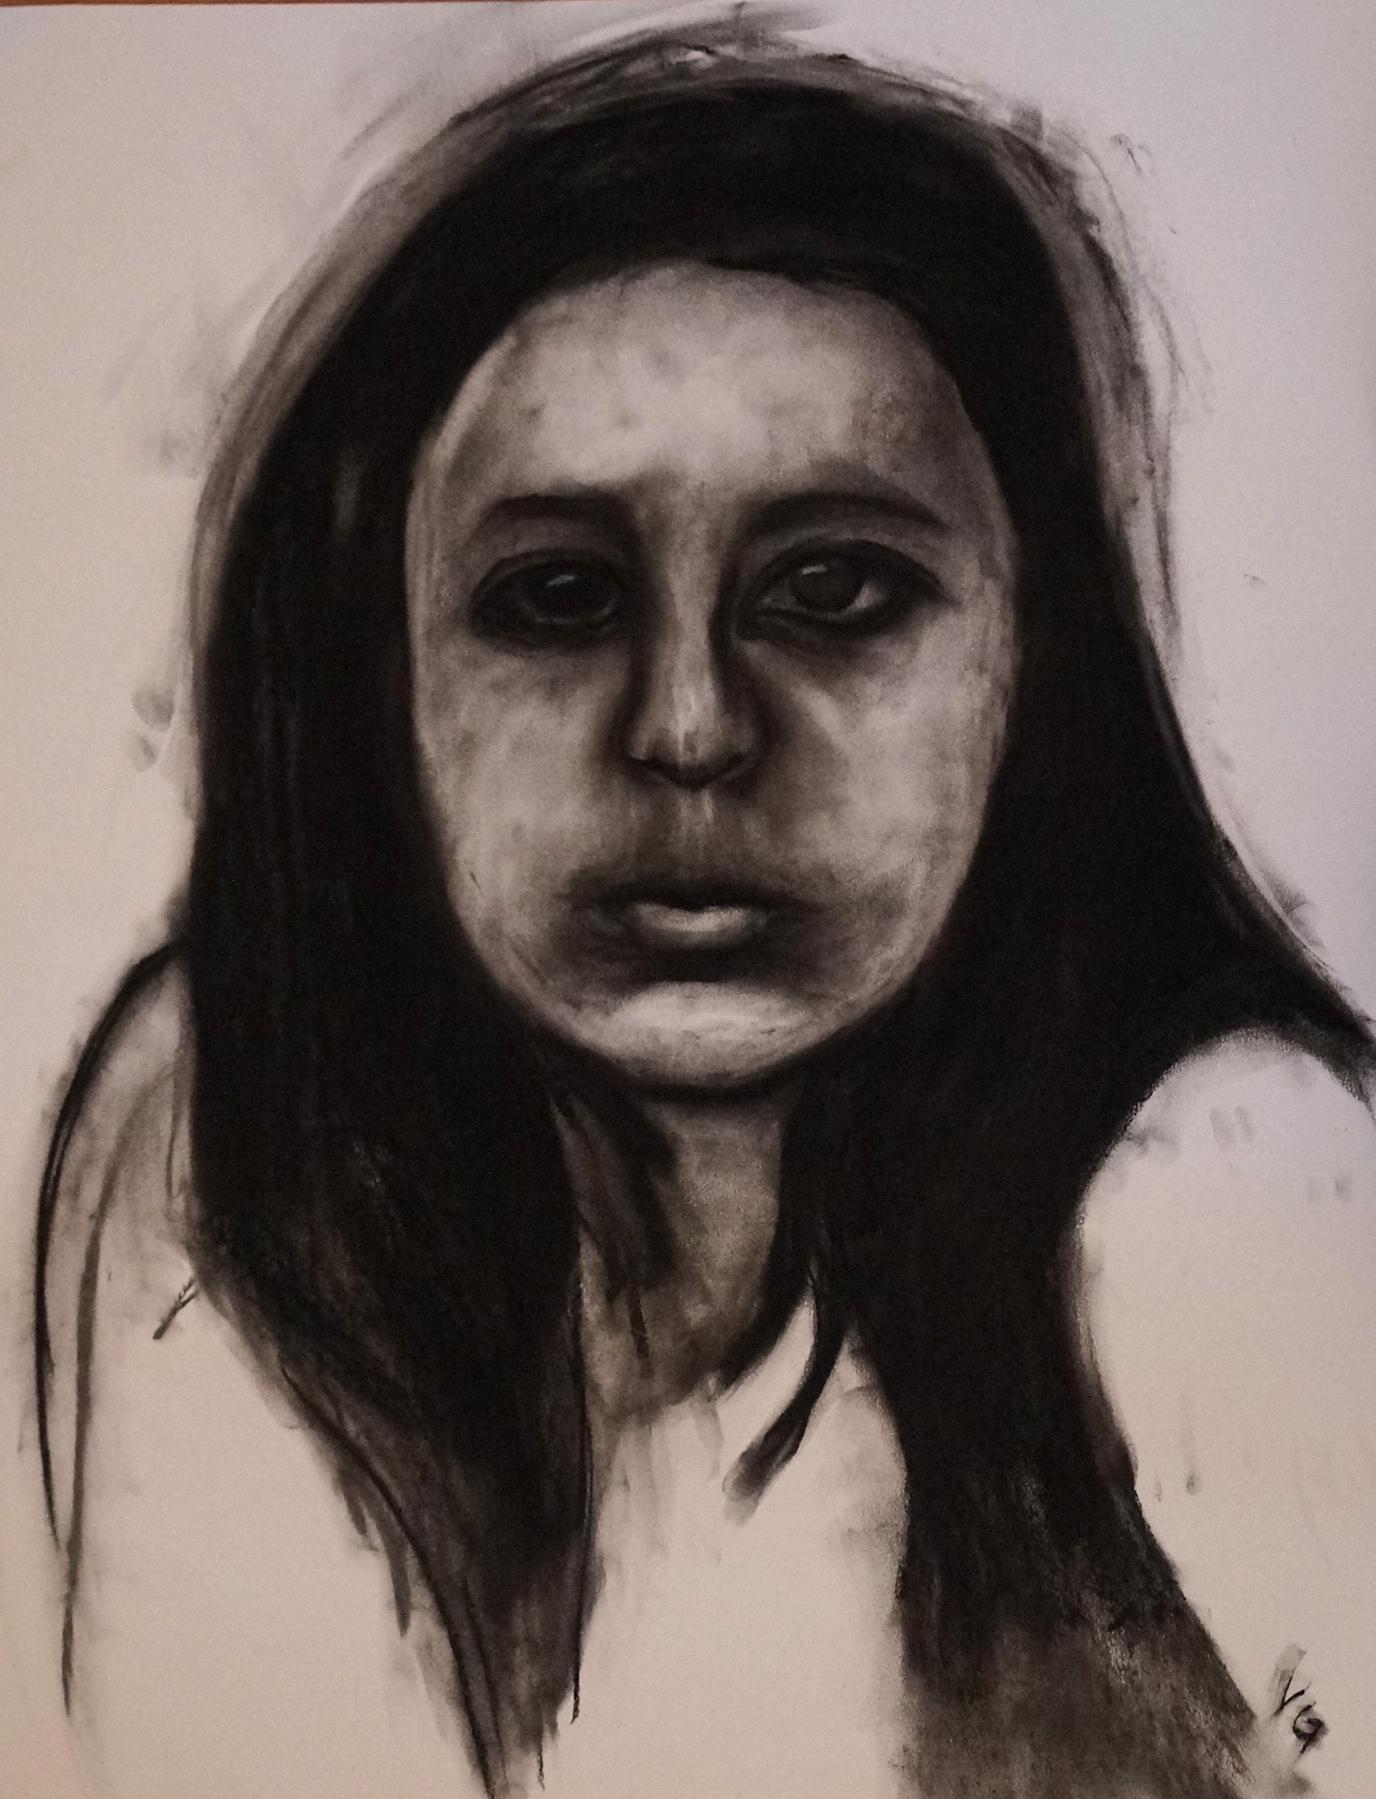 Self-Portrait #26
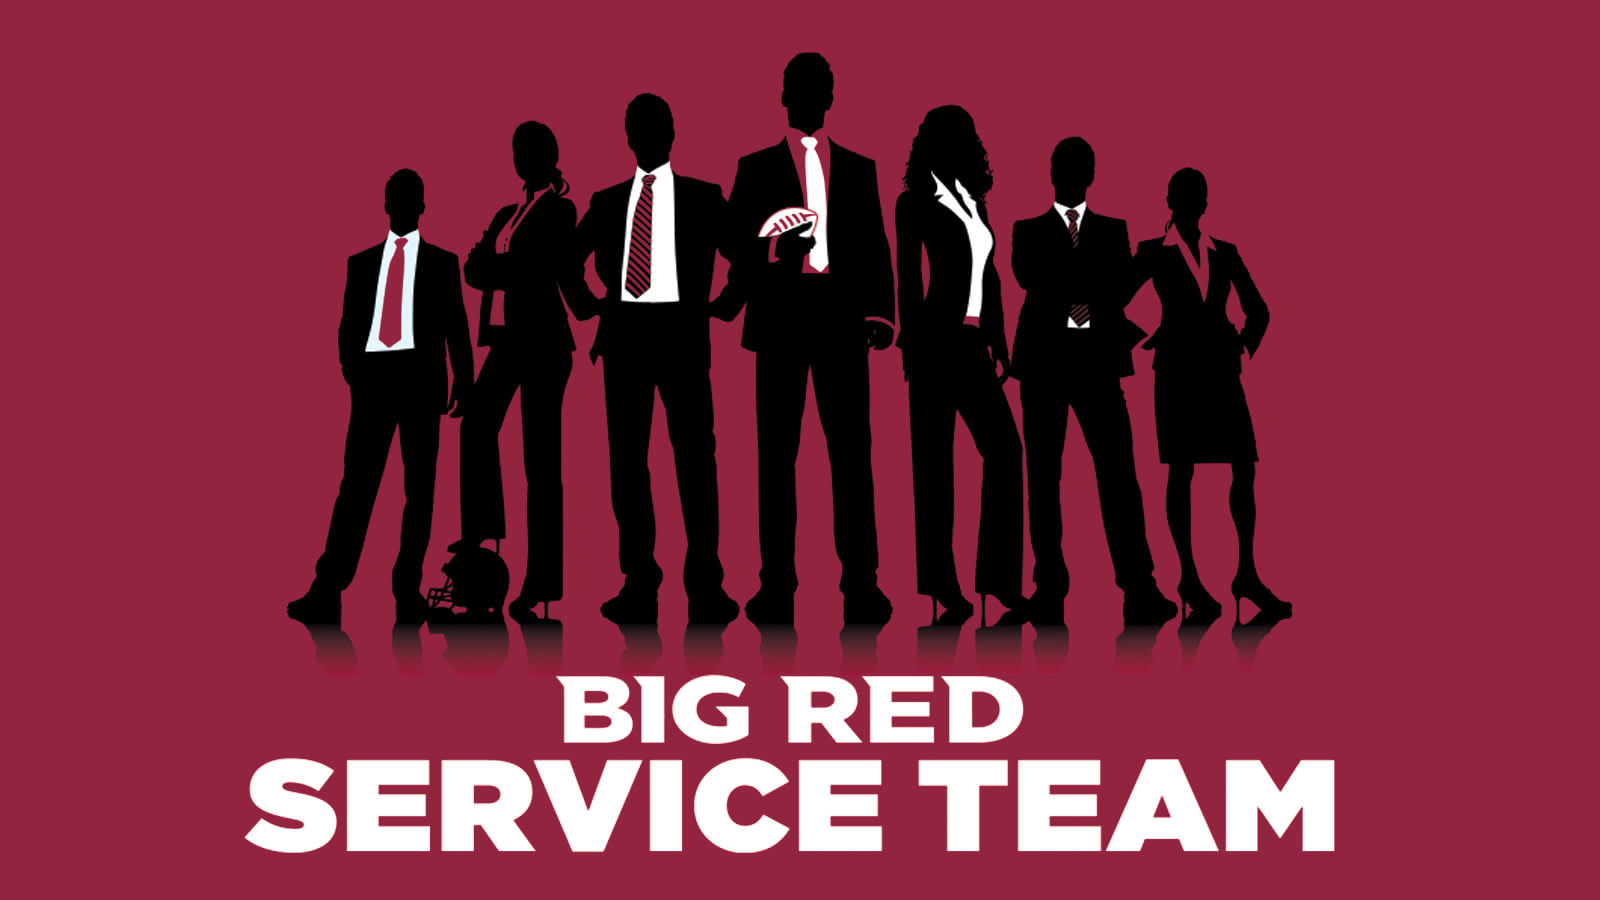 Big Red Service Team
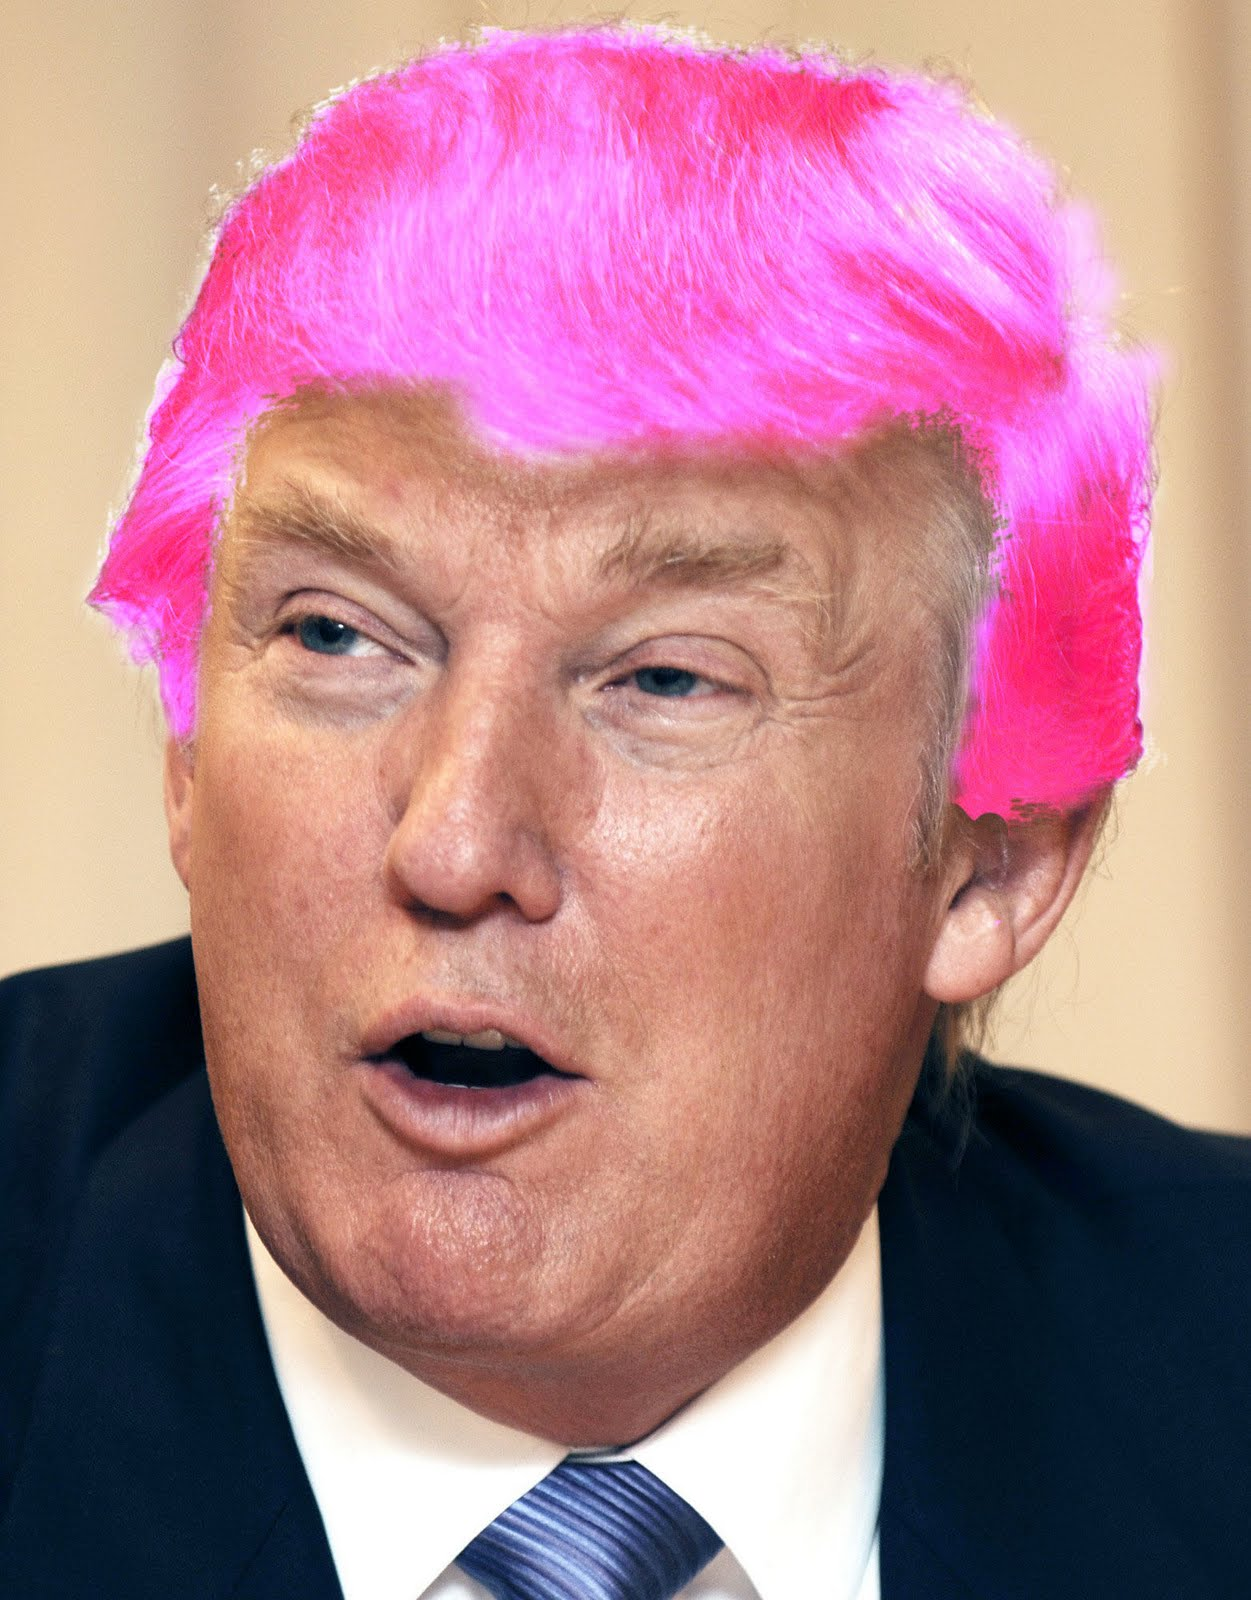 Billionaire Gambler Donald Trump Hair

### TRY IT:
Retype the data above exactly. Do not carry over any images.

### RESPONSE:
 Self-Portrait #26
 Big Red Service Team
 Billionaire Gambler Donald Trump Hair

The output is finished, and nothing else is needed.